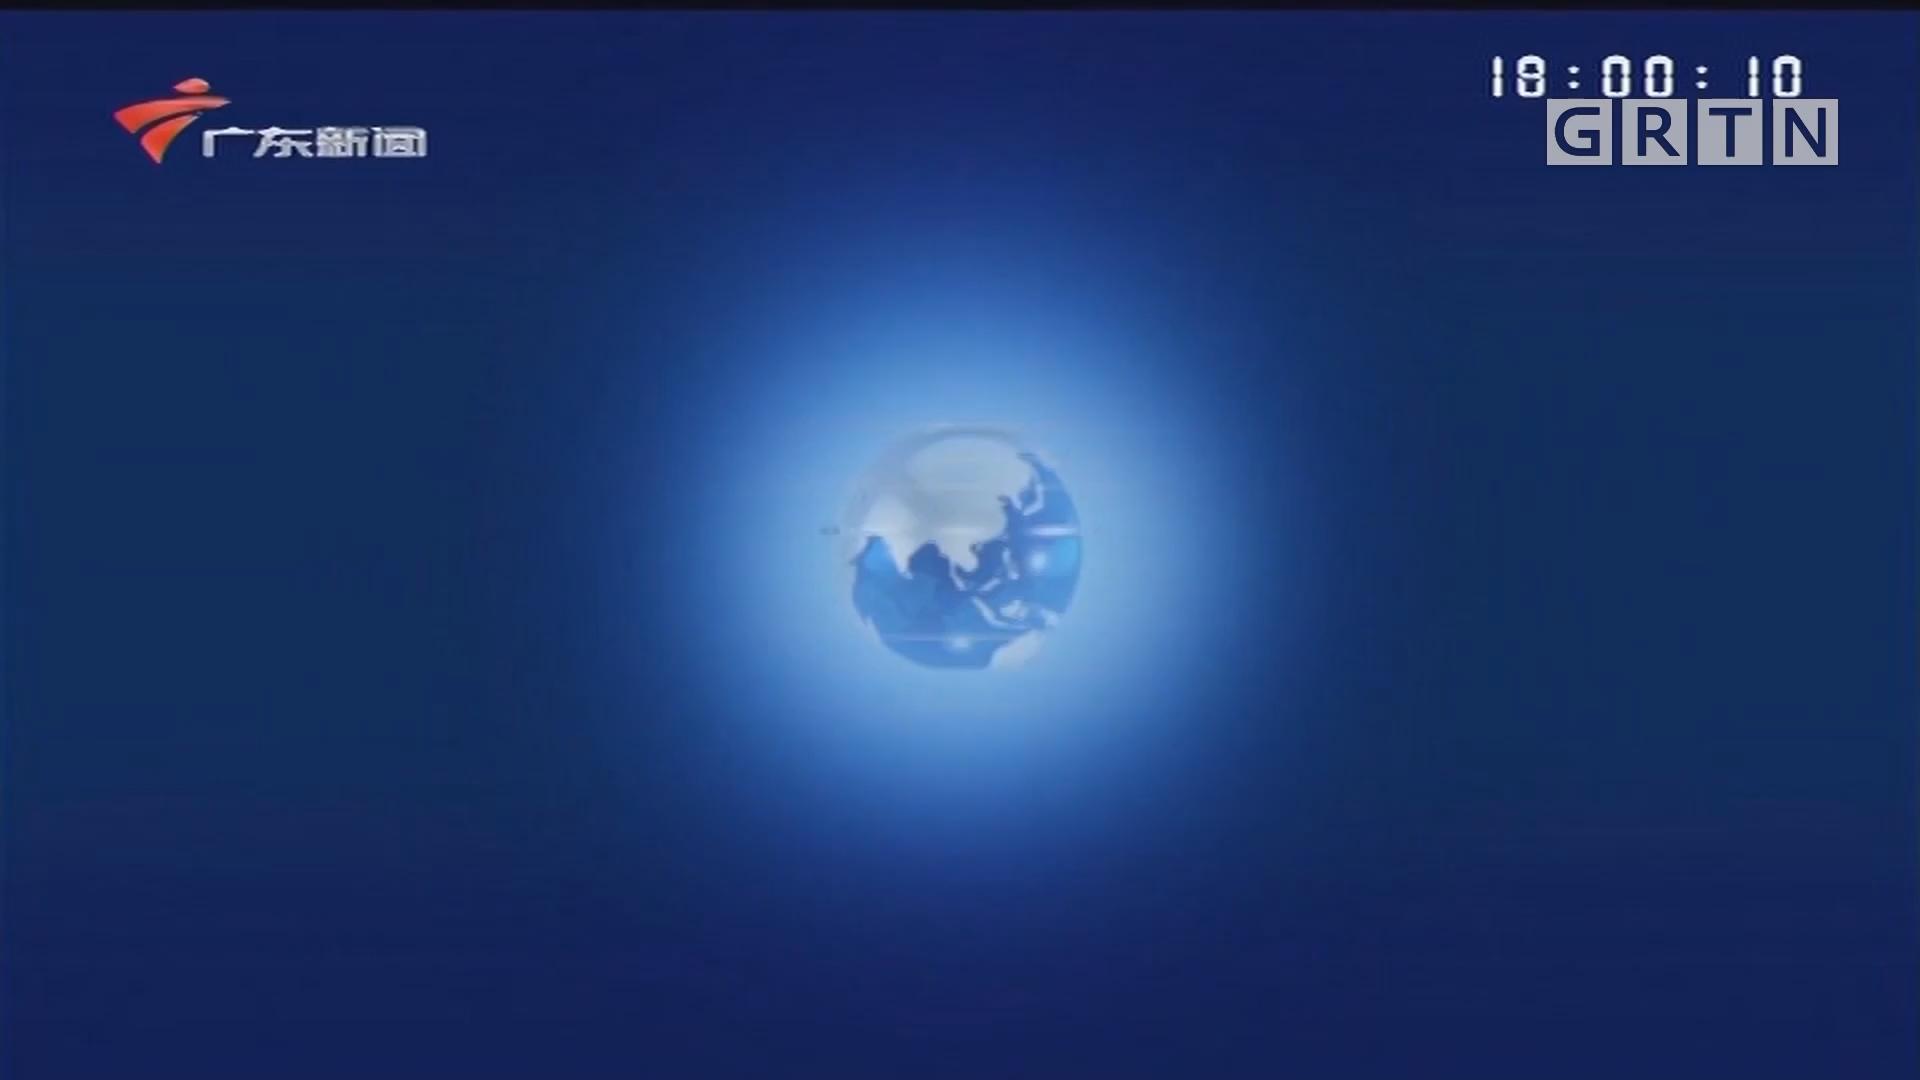 [HD][2020-01-17-18:00]正点播报:冻结涉赌资金180亿! 公安部重拳打击跨境网络赌博犯罪
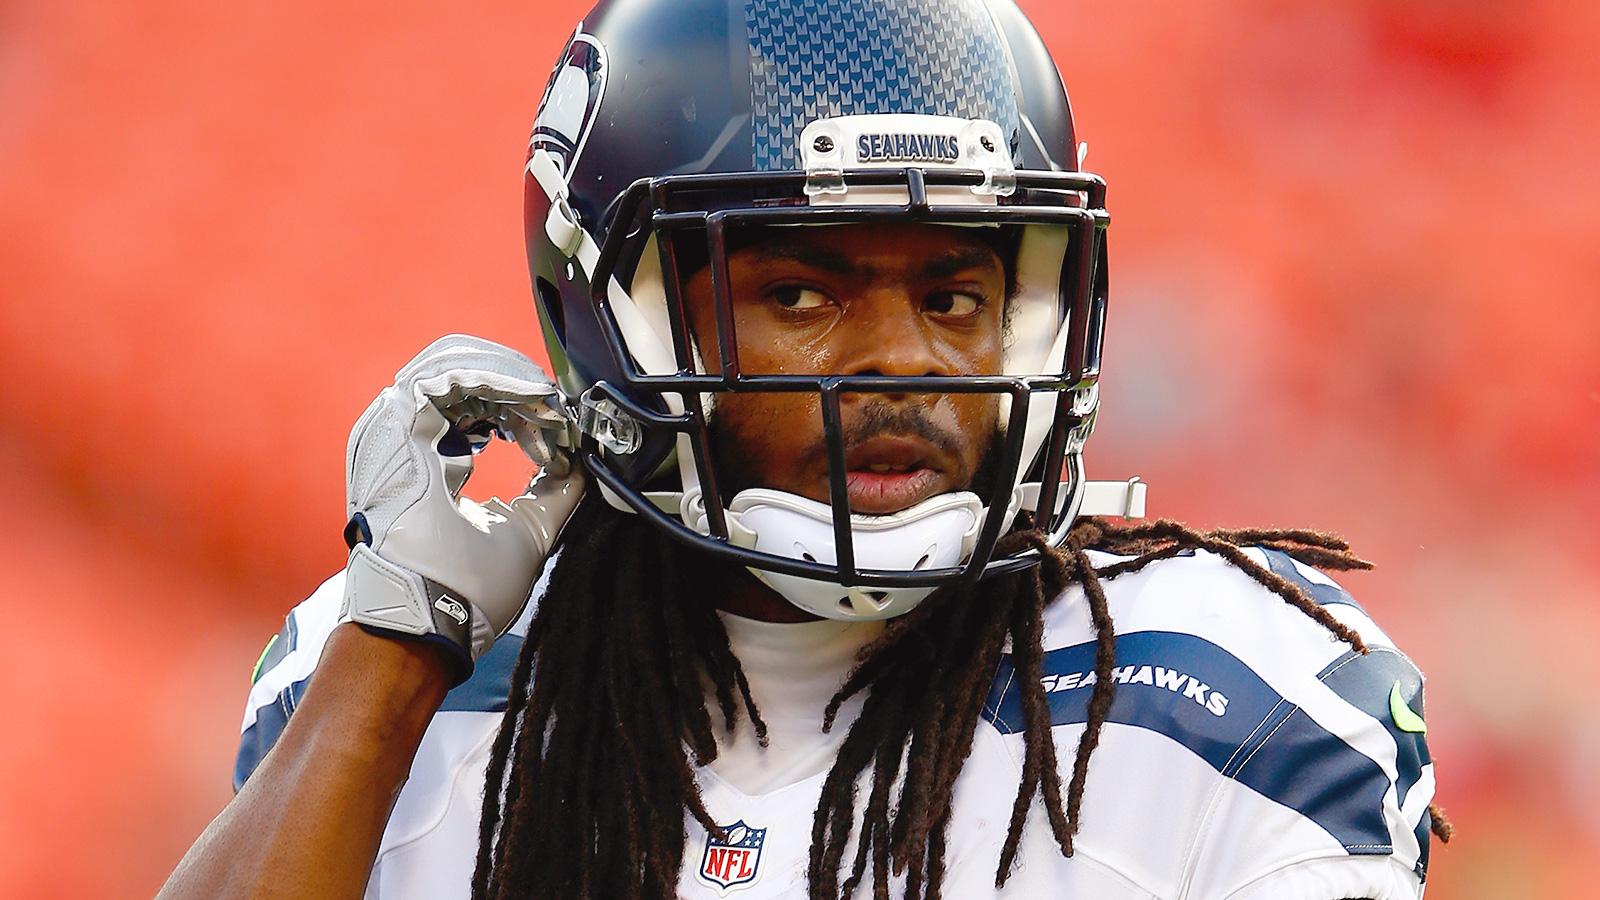 082415-NFL-Seahawks-Richard-Sherman-PI-CH
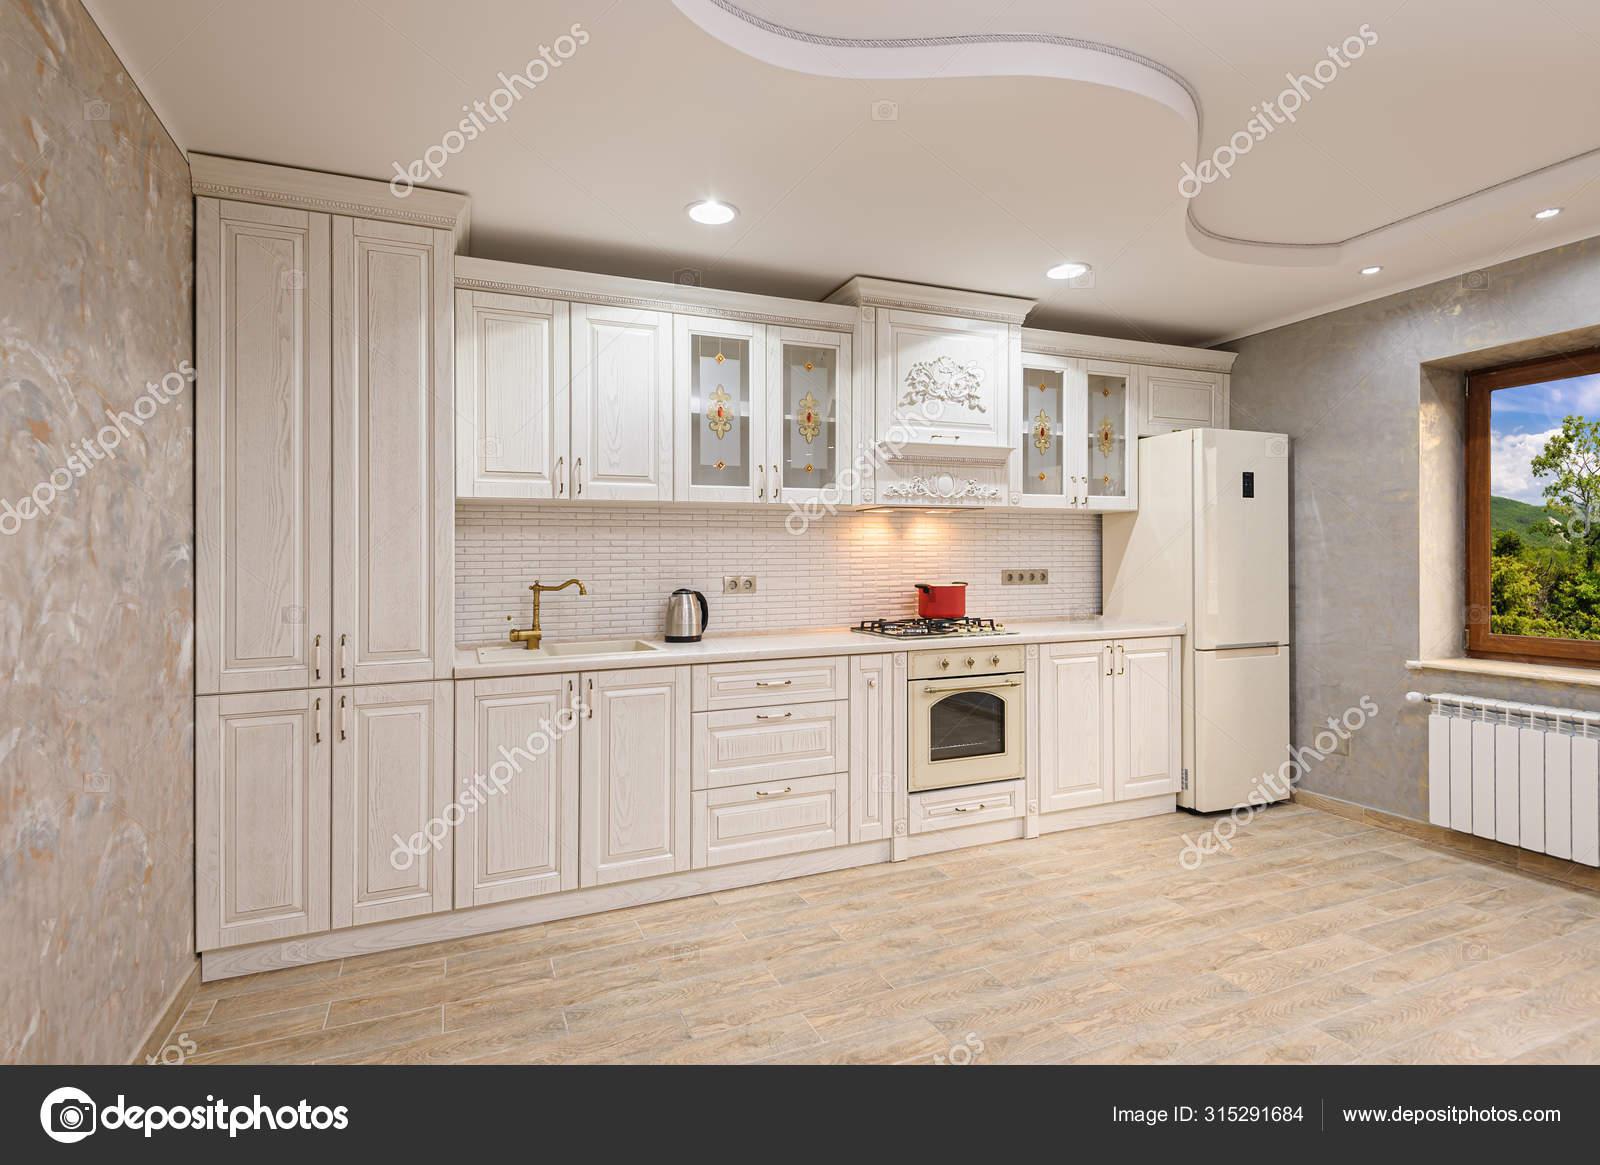 Luxury Modern White And Beige Kitchen Interior Stock Photo Image By C Starush 315291684
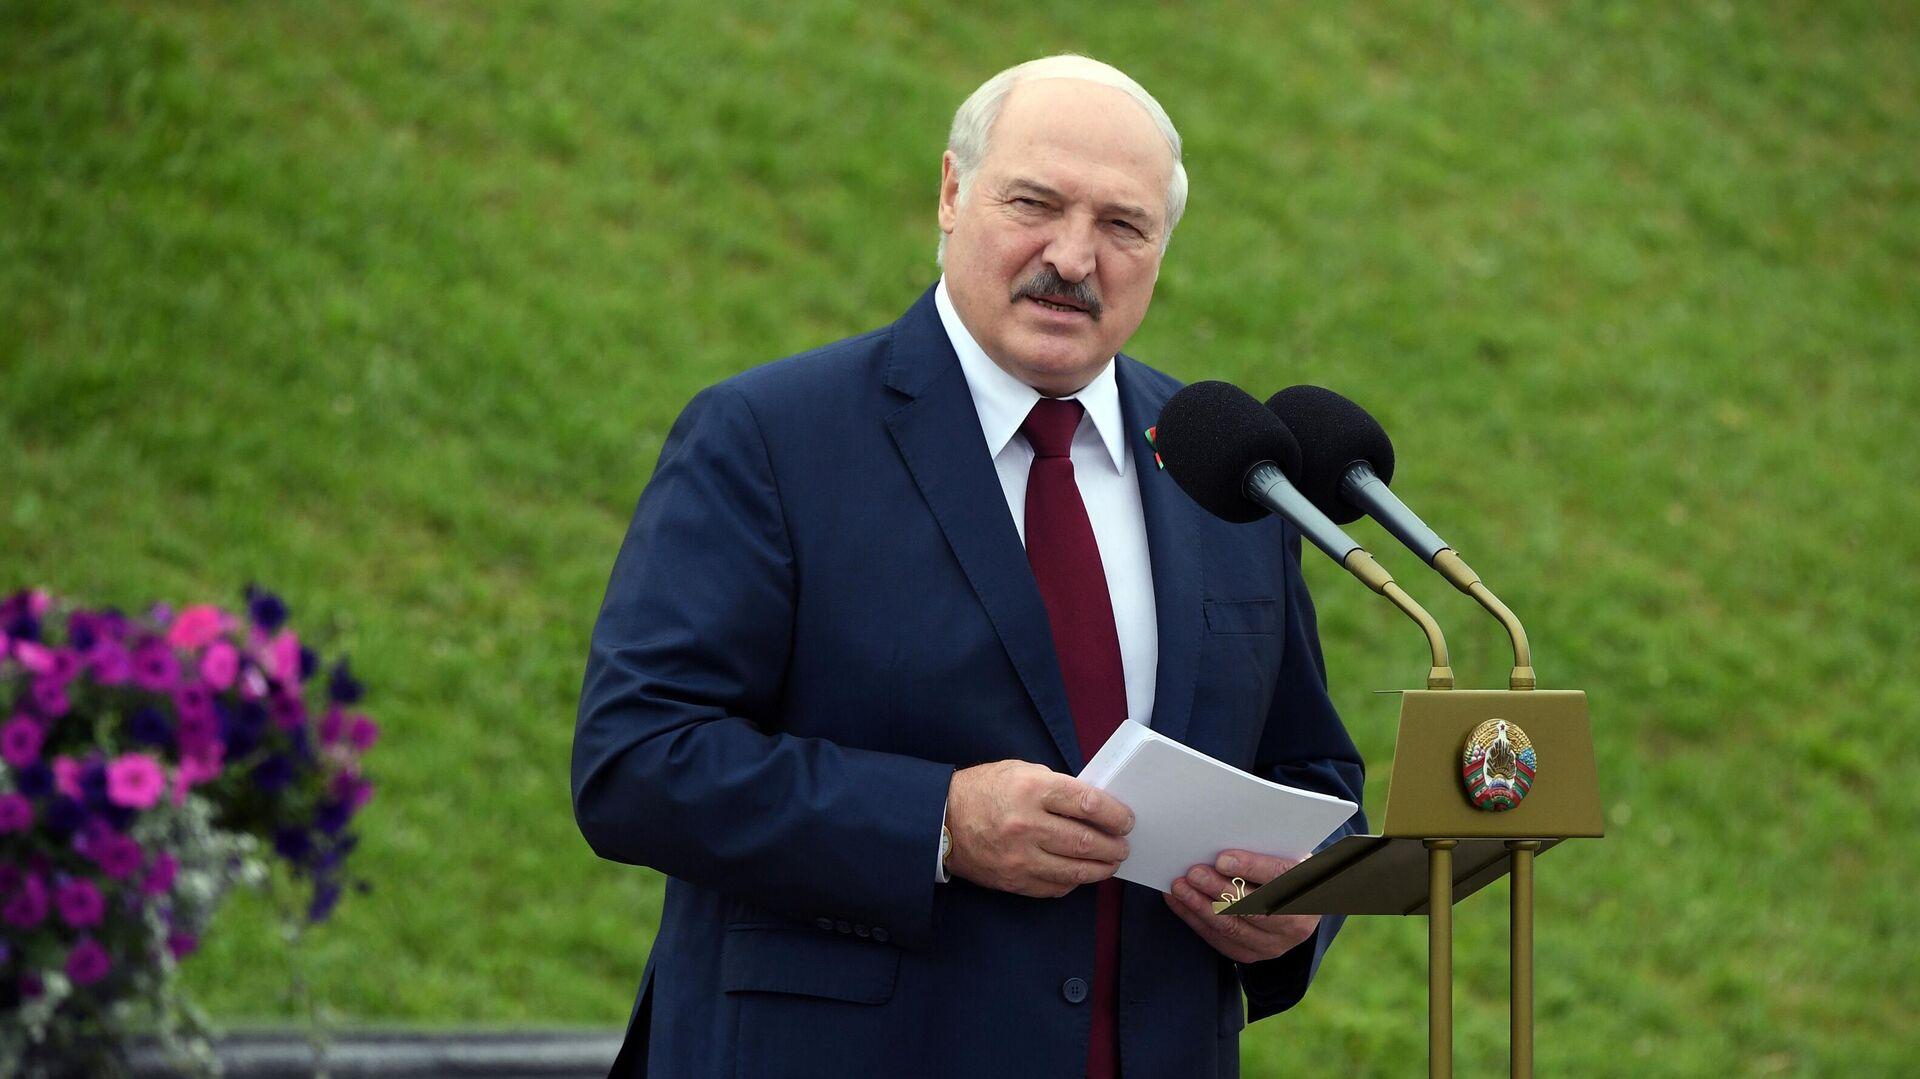 Президент Белоруссии Александр Лукашенко - Sputnik Таджикистан, 1920, 30.07.2021

* * * * * * *

### Your assignment
Pictures aside, reproduce exactly the lines from the one containing "082415-NFL-Seahawks-Richard-Sherman-PI-CH" to the end of the listing above, both ends included.

### Worked solution
 082415-NFL-Seahawks-Richard-Sherman-PI-CH
 Luxury Modern White And Beige Kitchen Interior Stock Photo Image By C Starush 315291684
 Президент Белоруссии Александр Лукашенко - Sputnik Таджикистан, 1920, 30.07.2021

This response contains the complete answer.